Whereabouts?  Dublin?  Cork?  Donegal?


----------



## indebtedgal (5 Aug 2010)

anywhere!! southern half of the country preferably though.


----------



## byrnsey09 (5 Aug 2010)

Check out [broken link removed] for last minute deals. Haven't used them myself, just heard them advertised afew months back. Look like they have good deals (no connections)


----------



## pinkyBear (5 Aug 2010)

I caan recommend Cahernane house, this hotel is in Killarney and it really is special..


----------



## SlugBreath (5 Aug 2010)

indebtedgal said:


> anywhere!! southern half of the country preferably though.

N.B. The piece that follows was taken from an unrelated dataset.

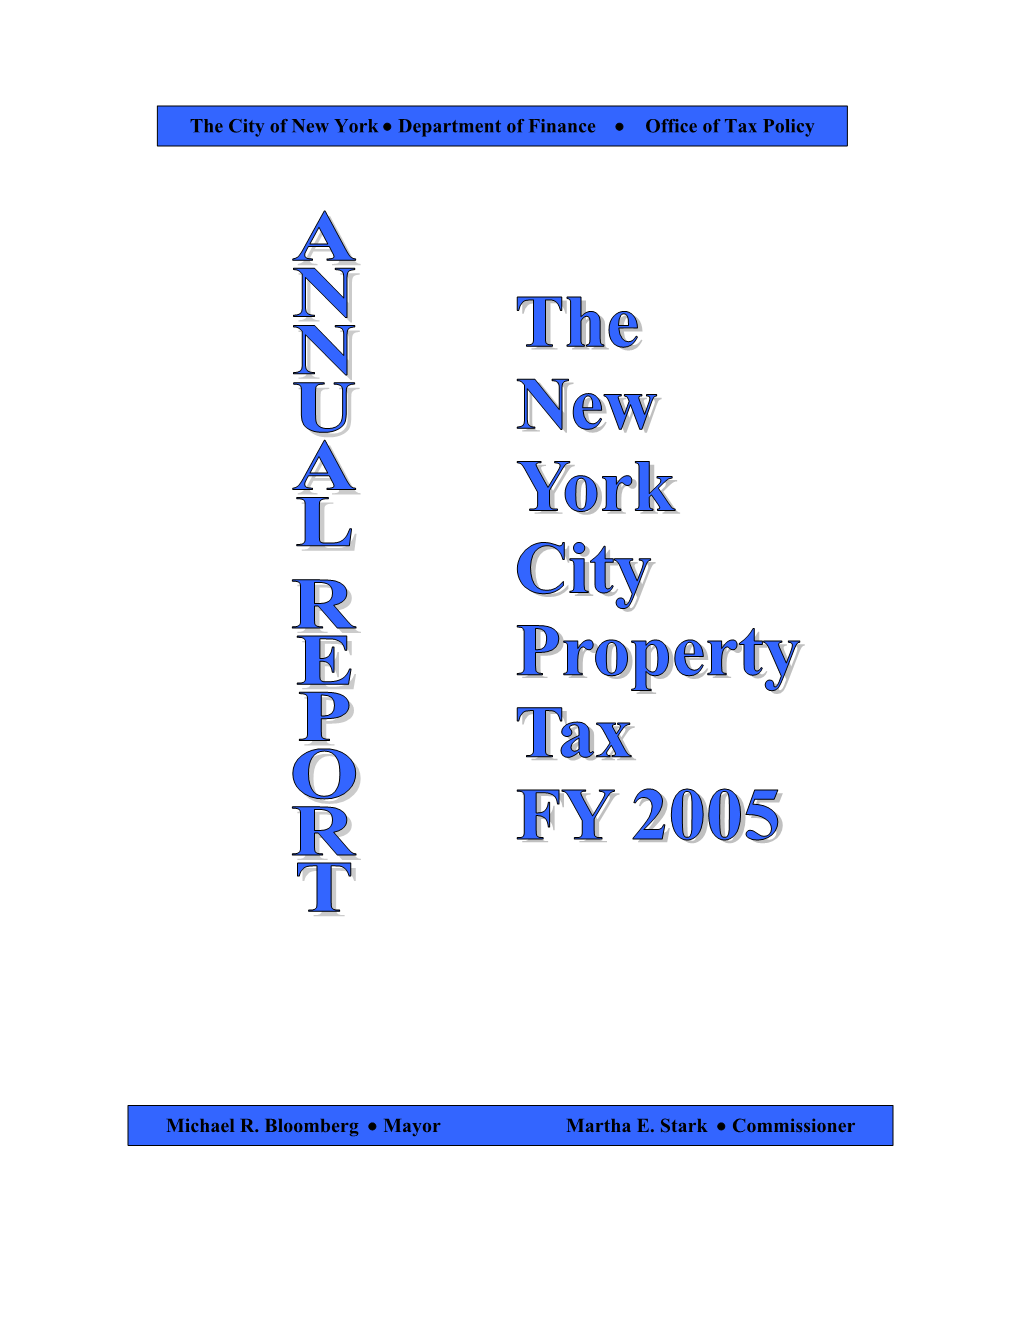 2005 Annual Report on the New York City Property

Haven't you used  previously?


----------



## hopalong (5 Aug 2010)

115euro per person looks expensive


----------



## thedaras (7 Aug 2010)

Try the Lyrath in Kilkenny..good deals on at the moment and its 5 star (I think).


----------



## SoylentGreen (10 Aug 2010)

So, where did you go in the end?

I am typing this during a break in my 3 day break in Kinsale. €119 for 3xB+B+1 dinner.

Incredible value.


----------



## bartbridge (10 Aug 2010)

SoylentGreen, that's great value, did you book with the hotel direct or through a website?

Has anyone used justgo.ie? Thinking of booking a hotel in Skibbereen with them, just want to make sure they're okay first...


----------



## hopalong (10 Aug 2010)

is it pps,the isish way of doubling the charge.


----------